As filed with the Securities and Exchange Commission on January 3, 2007
Registration No. 333-130122
UNITED STATES SECURITIES AND EXCHANGE COMMISSION
Washington, D.C. 20549
Post-Effective
Amendment No. 3
to
Form S-1
REGISTRATION STATEMENT
UNDER
THE SECURITIES ACT OF 1933
BPI ENERGY HOLDINGS, INC.
(Exact name of registrant as specified in its charter)
| | | | |
British Columbia, Canada | | 1311 | | 75-3183021 |
(State or other jurisdiction of | | (Primary standard industrial | | (I.R.S. employer |
incorporation or organization) | | classification code number) | | identification number) |
30775 Bainbridge Road, Suite 280
Solon, Ohio 44139
(440) 248-4200
(Address, including zip code, and telephone number,
including area code, of registrant’s principal executive offices)
James G. Azlein
President and Chief Executive Officer
30775 Bainbridge Road, Suite 280
Solon, Ohio 44139
(440) 248-4200
(Name, address, including zip code, and telephone number,
including area code, of agent for service)
Copies to:
Derek D. Bork
Thompson Hine LLP
127 Public Square, Suite 3900
Cleveland, Ohio 44114
(216) 566-5500
TERMINATION OF OFFERING AND REMOVAL OF SECURITIES FROM REGISTRATION
On December 5, 2005, BPI Energy Holdings, Inc. (“BPI”) filed Registration Statement No. 333-130122 on Form S-1, as amended from time to time thereafter (the “Registration Statement”), to register 18,000,000 shares of common stock, without par value, beneficially owned by the shareholders named therein (the “Selling Shareholders”).
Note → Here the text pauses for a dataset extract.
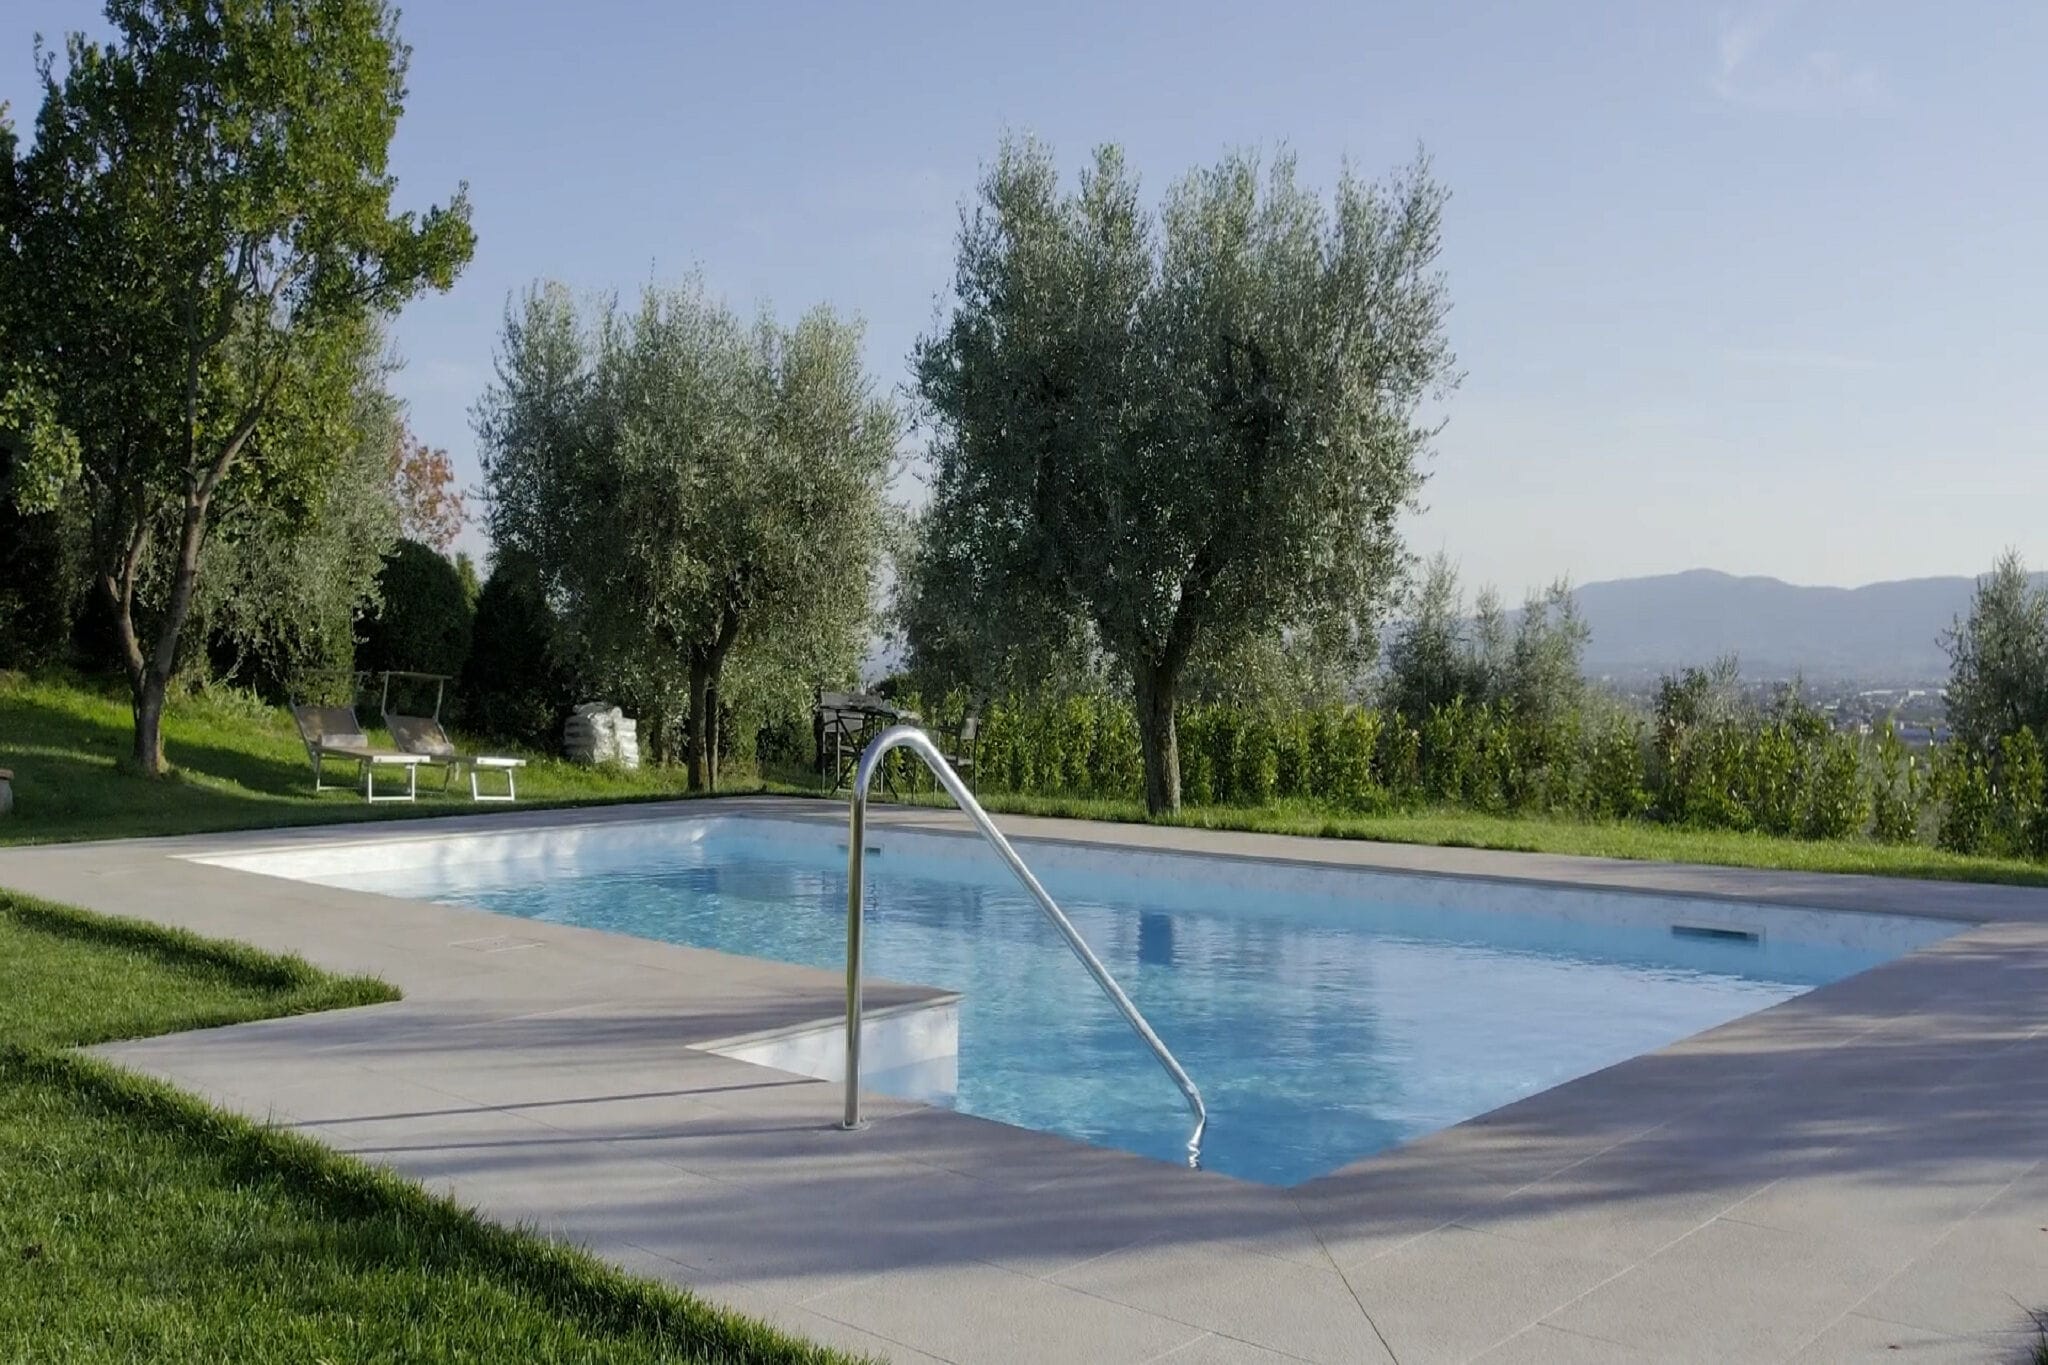 Maison de vacances confortable avec piscine située à Pistoia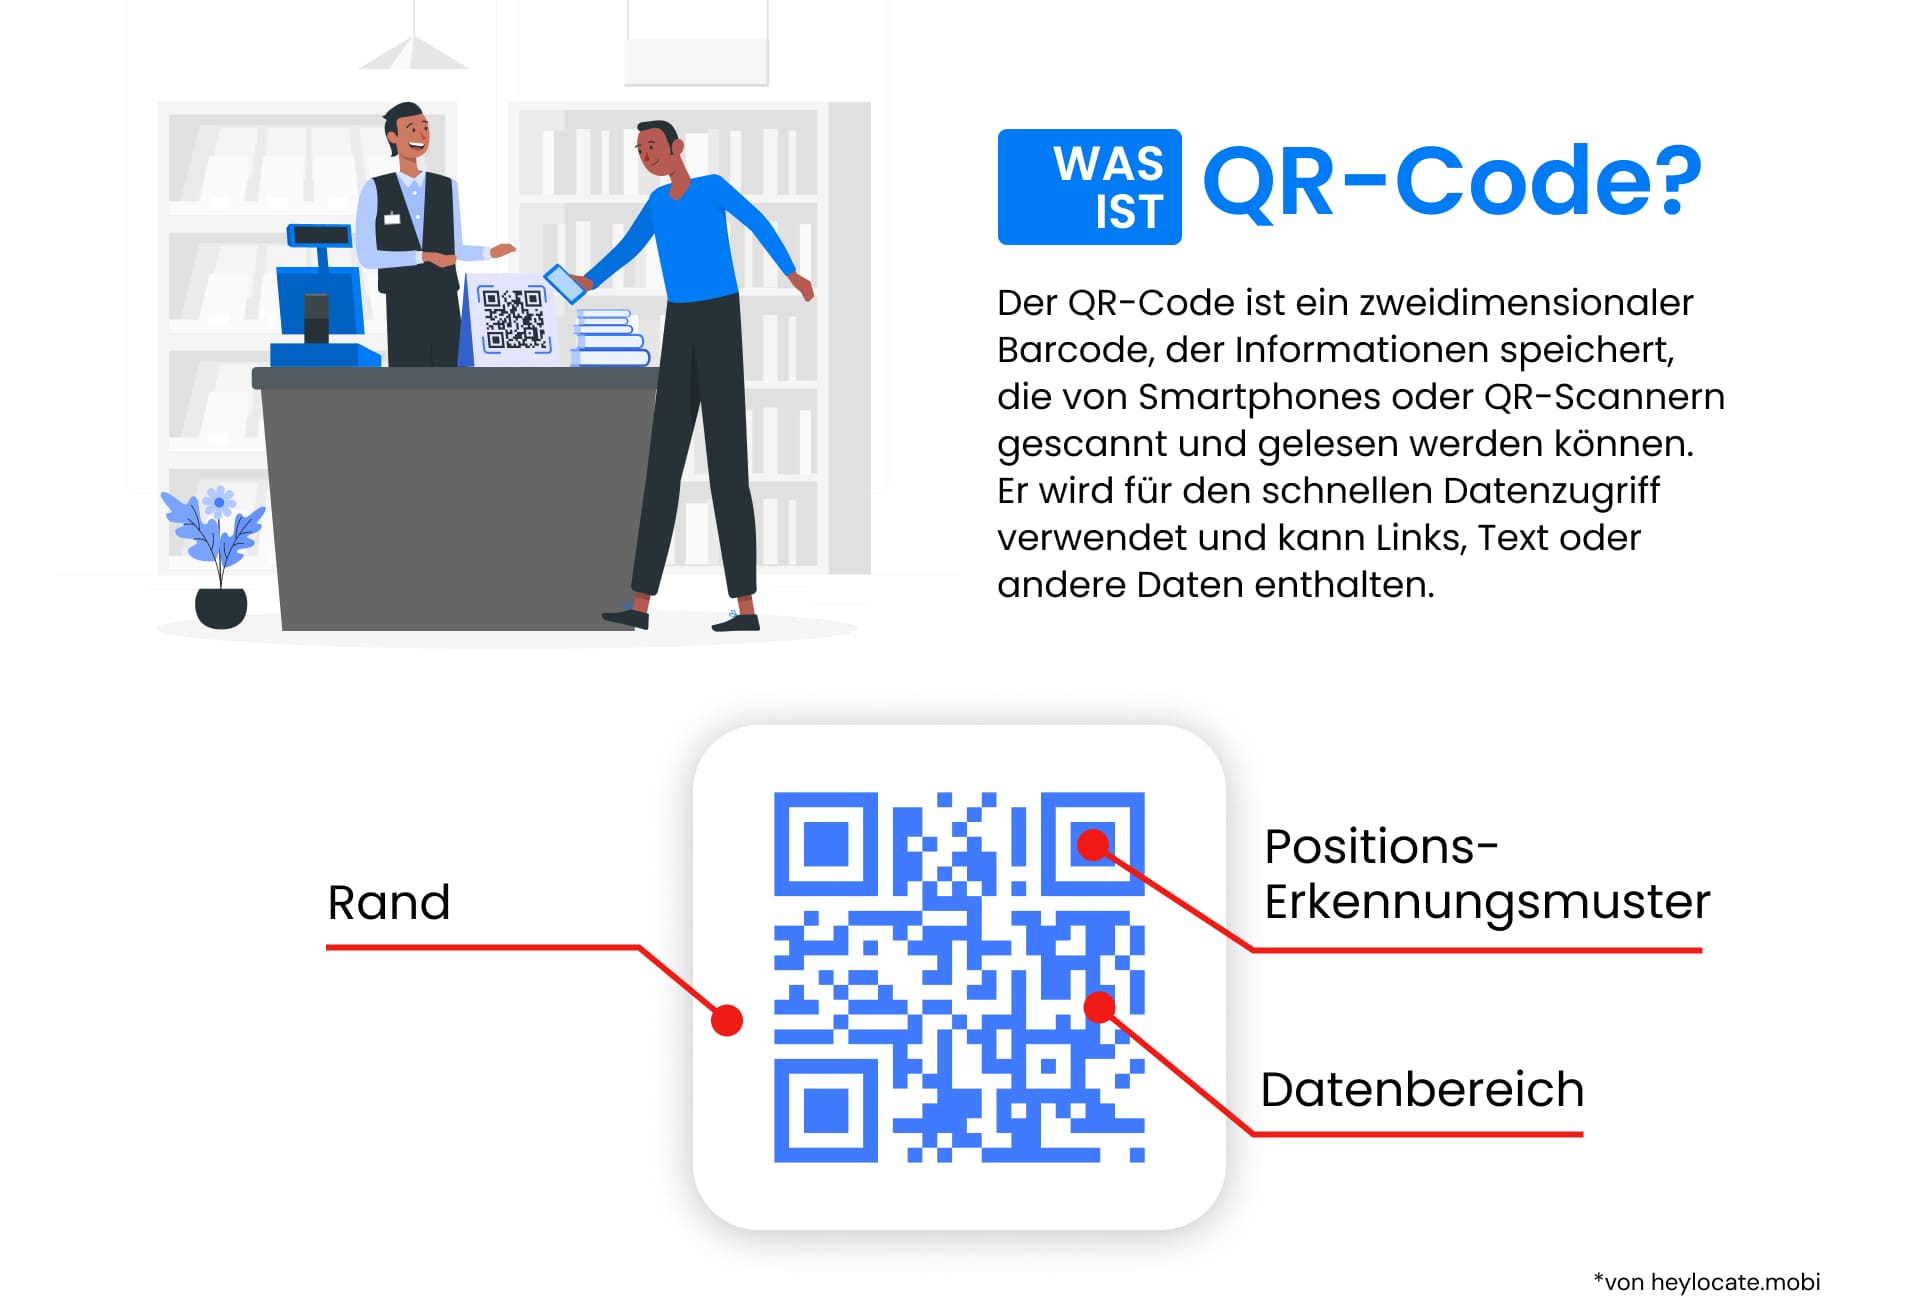 Eine Infografik, die erklärt, was QR-Codes sind, einschließlich einer Illustration eines QR-Codes, in der Teile wie der Rand, das Positionserkennungsmuster und der Datenbereich beschriftet sind.

BPI filed the Registration Statement pursuant to the Stock Purchase Agreement, dated September 20, 2005, by and among BPI and the investors party thereto (the “Stock Purchase Agreement”). Under the terms of the Stock Purchase Agreement, BPI’s obligation to keep the Registration Statement effective terminated as of September 26, 2006.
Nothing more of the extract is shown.